Presents the mean values for the total population [Table 1]. Presents the mean values for a segment of the population who showed an increase in the distance from Id to "D" point (increase group) [Table 2].

Presents the mean values for a segment of the population who showed a decrease in the distance from Id to "D" point (decrease group) [Table 4]. Correlation studies are presented in [Table 3] and [Table 5].


   Discussion Top


Axiom of orthodontics is "bone traces tooth movement." According to this a 1:1 cortical bone remodeling/tooth movement ratio should occur during incisor retraction. Vardimon, Oren [17] investigated the validity of the postulate in maxillary incisor retraction and found 1:2 Bone/Tooth ratio. Therefore, bone remodeling may lag behind extent of tooth movement. This may be influenced by several factors - magnitude and direction of force applied, anatomic limit set by cortical plates of alveolus, oral hygiene status and health of the periodontium.

The objective of the present study was to find if there is any change in the height of the labial alveolar process, either decrease or increase, as a result of orthodontic uprighting of procumbent permanent mandibular incisors in adult population. Despite the fact that in the total population the decrease in the angulation between the mandibular plane and the axis of the mandibular central incisors was highly significant (mean = −10.24°, P < 0.001), an increase in alveolar height, expressed as the distance from the "D" point to the alveolar crest, was not evident in 42.4% of the cases. Furthermore, no significant correlation was found between the changes in the alveolar height and those in the angulation between the mandibular plane and the axis of the permanent mandibular Incisors. This finding corroborates with results of Kloehn and Pfeifer, [7] Closs et al., [8] Nelson and Artun, [11] Pearson, [12] Sadowski and Begole [14] , that no significant damage or benefit occurs to periodontal structures with vertical or horizontal tooth movement.

However, the findings of a significant increase in the distance from the incisal edge to the "D" point in the "increase" group and of a significant decrease in the "same/decrease" group suggests that the change in the alveolar bone height may be influenced not only by the change in angulation between the mandibular plane and the axis of the mandibular central incisors but also by other factors. This is further indicated by the highly significant correlations between the change in distance from the incisal edge to the "D" point and the change in the alveolar bone height (r = 0.56 for the "increase" group, and r = 0.70 for the "same/decrease" group).

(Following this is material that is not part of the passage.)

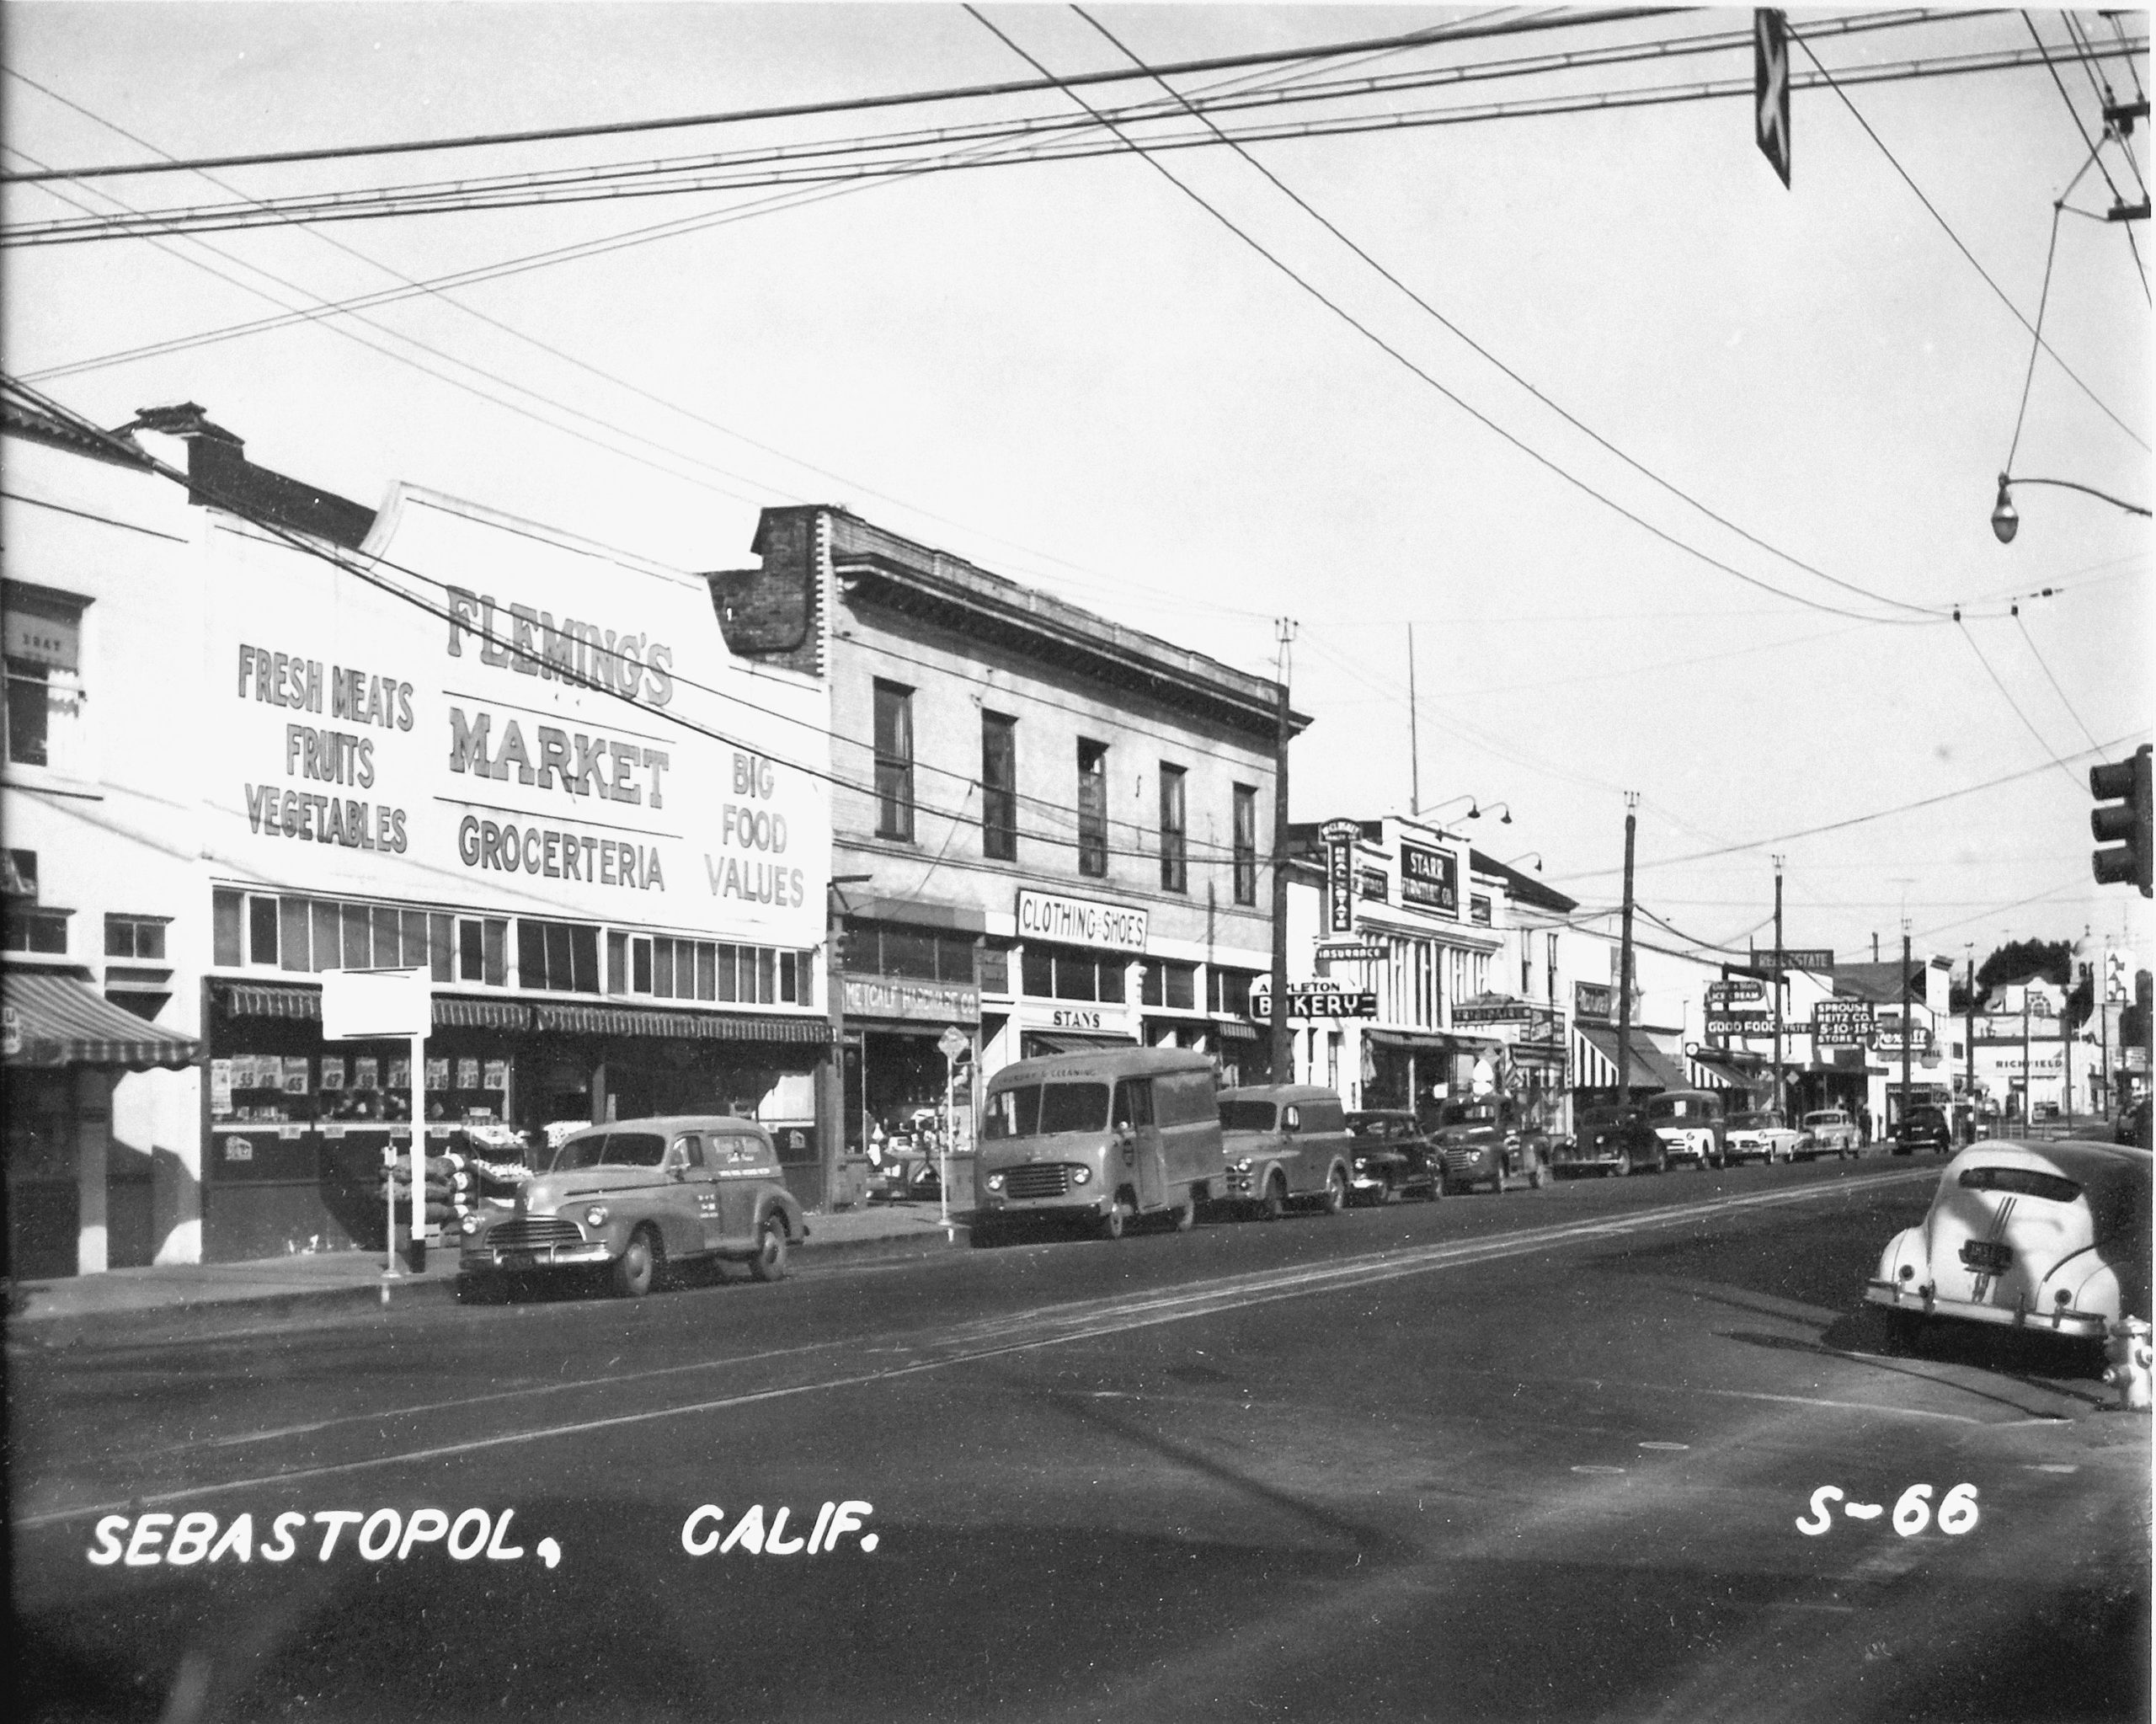 Business on North Main Street, Sebastopol circa 1940. Seen are Fleming’s Market, Metcalf Hardware, Stan’s Clothing Store, Appleton Bakery, Real Estate and Insurance office, Starr Furniture, Sprouse Reitz, and Rexall Drug Store.

A decrease in this distance (incisal edge to D point) may be due to orthodontic intrusion due to the presence of tip back bend during incisor retraction. Melsen [10] in his experiment on "tissue reaction following application of intrusive and extrusive forces" found that intrusion of teeth did not result in decrease in marginal bone level in periodontally healthy condition but presence of gingival inflammation may result in loss of alveolar bone height.

Bimstein et al. [2] suggested that the amount of anterior alveolar bone might increase during orthodontic treatment involving lingual positioning of protrusive teeth if there is no intrusion.

Data obtained from the present study indicates change in labial alveolar bone height may occur following alignment and retraction of proclined mandibular incisors, such a change is statistically insignificant and it may take place in either direction-increase or decrease, but is not correlated with lingual retraction of incisors. Further, such a change is strongly influenced by post treatment vertical position of incisal edge with respect to "D" point.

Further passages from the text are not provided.